KM and Quantitative Culture

While troubleshooting knowledge management (KM) problems Colabria often encounters the dilemma of KM and Quantitative Culture. People complain their quantitative culture is a barrier to effective KM.

The quantitative culture is not counter-productive per se. Structural capital depends on quantitative methods. That’s fine. Where it breaks down is when structural capital is the overriding organizational priority. It must be in-balance with human capital.


KM is concerned with human capital. Unfortunately, in far too many organizations, structural capital alone is the primary focus. This malignancy is a legacy of 20th Century Fordism and more recently, the disastrous business process reengineering (BPR) farce of the 1990s.

Too often human capital is given lip service. ‘People are our Number One Asset‘ is an offensive, oft-used chestnut. Thing is, when structural capital is the priority, like most all organizations, people are seen as a nuisance, a huge expense. The concept of human capital is non-existent. Overbearing quantitative approaches are given undue sway. Typical pathologies of domineering quantitative culture are poor employee engagement, high turnover and competitive weakness.

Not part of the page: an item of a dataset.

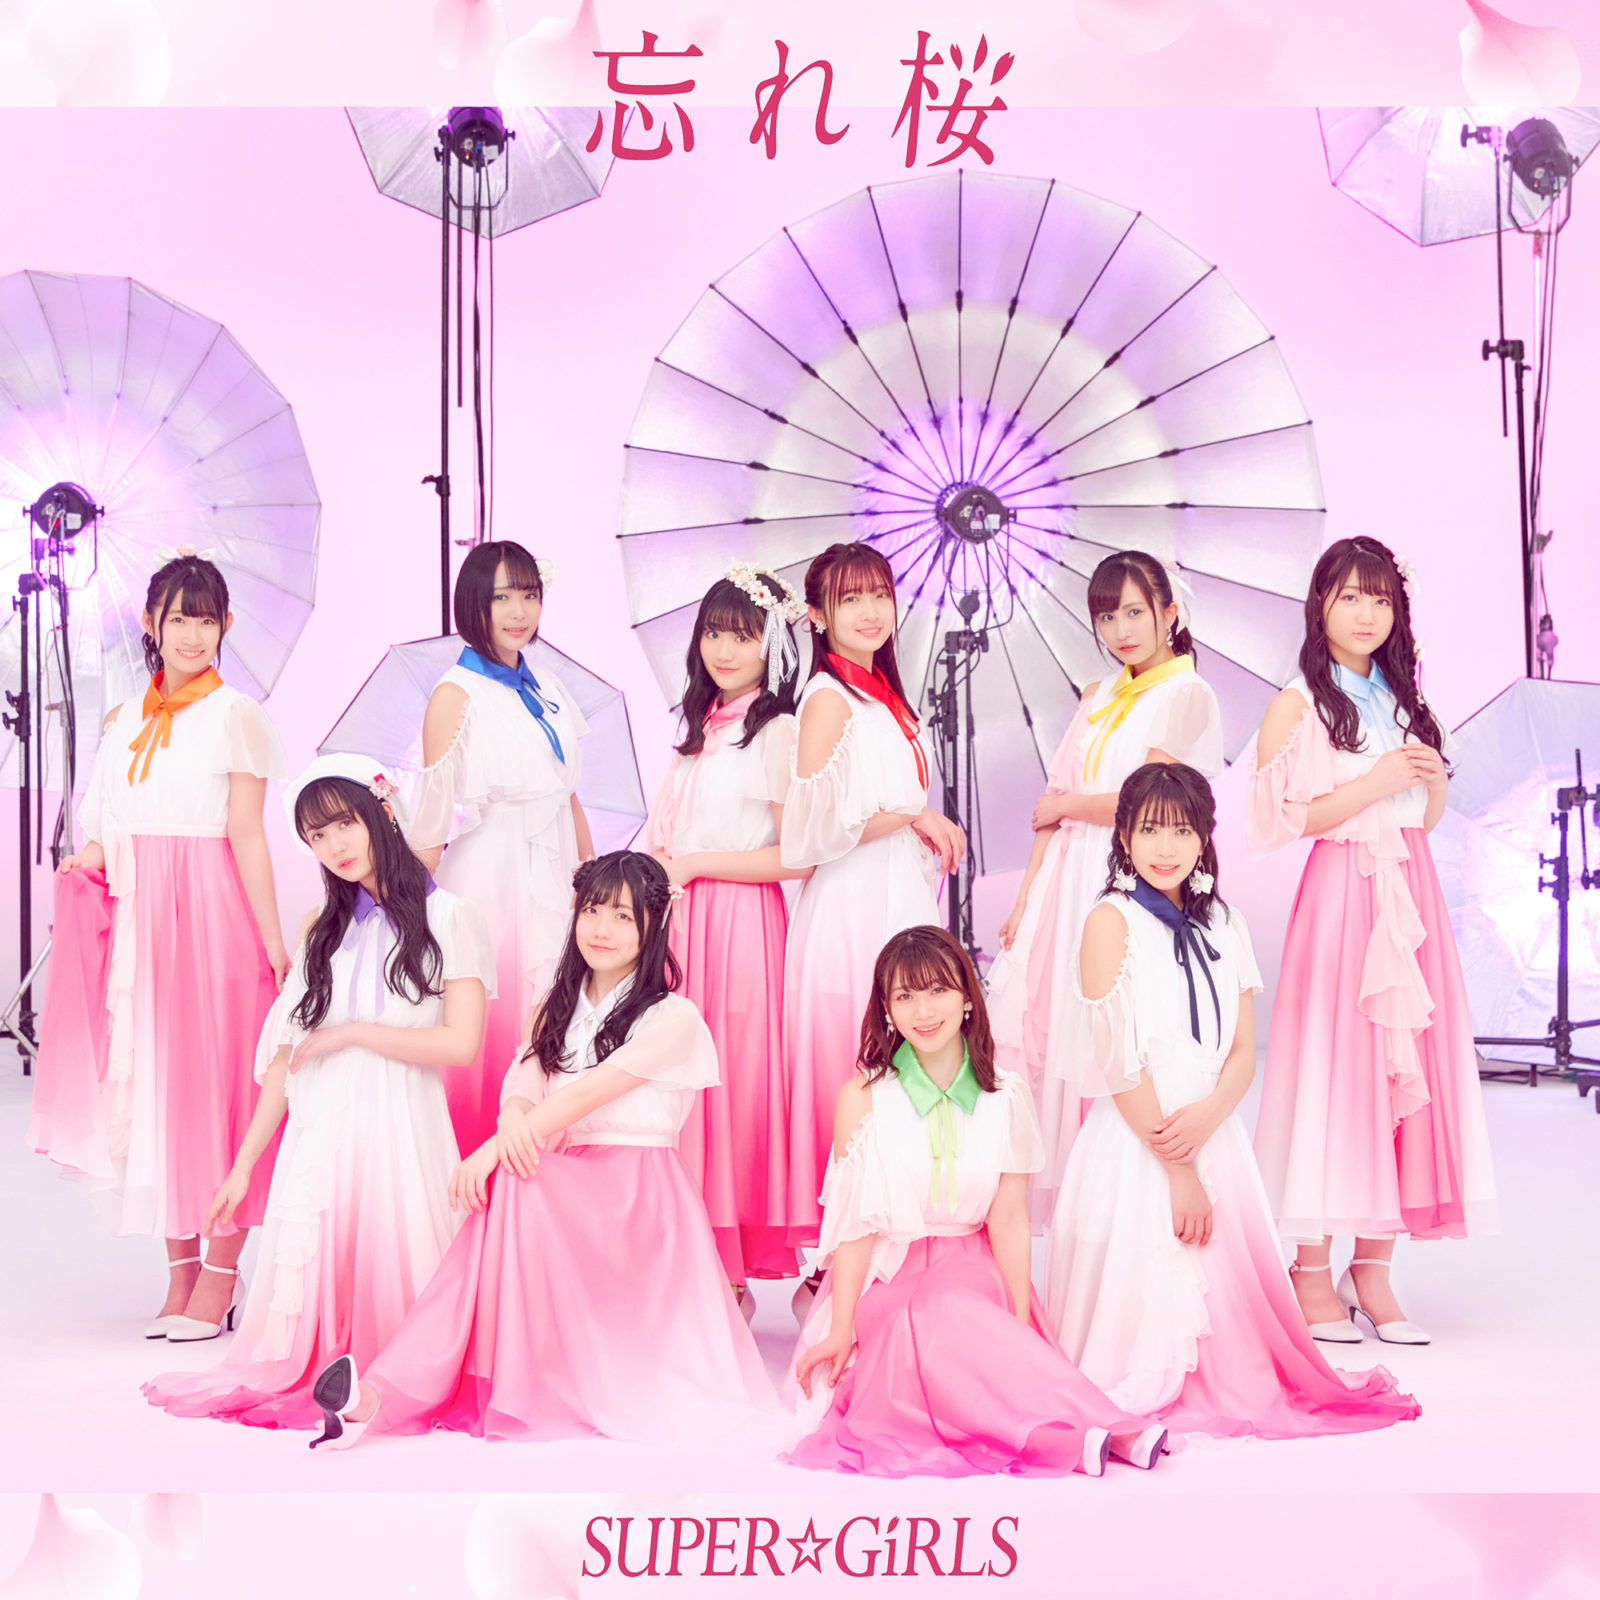 SUPER☆GiRLSの新曲「忘れ桜」がオリコンデイリーシングルランキング1位を獲得

Meanwhile, KM suffers, is defective, IT-focused or simply non-existent.


Most reasonable people believe prosperity requires organizational, structural and human capital. Remember, the Information Age is over. In our Network Age human capital is rising.

Colabria positions KM as advancing human capital. As such, people immediately see the enormous benefits and advantages, financial and otherwise, of Authentic KM. Often, the qualitative culture is then seen as housekeeping while KM/human capital is leadership. Ordered systems will give way to complex networks. Advancements in KM and human capital deliver greater productivity, innovation and prosperity.

P.S. Generally speaking avoid intellectual capital (too legal) and relationship capital (too fuzzy).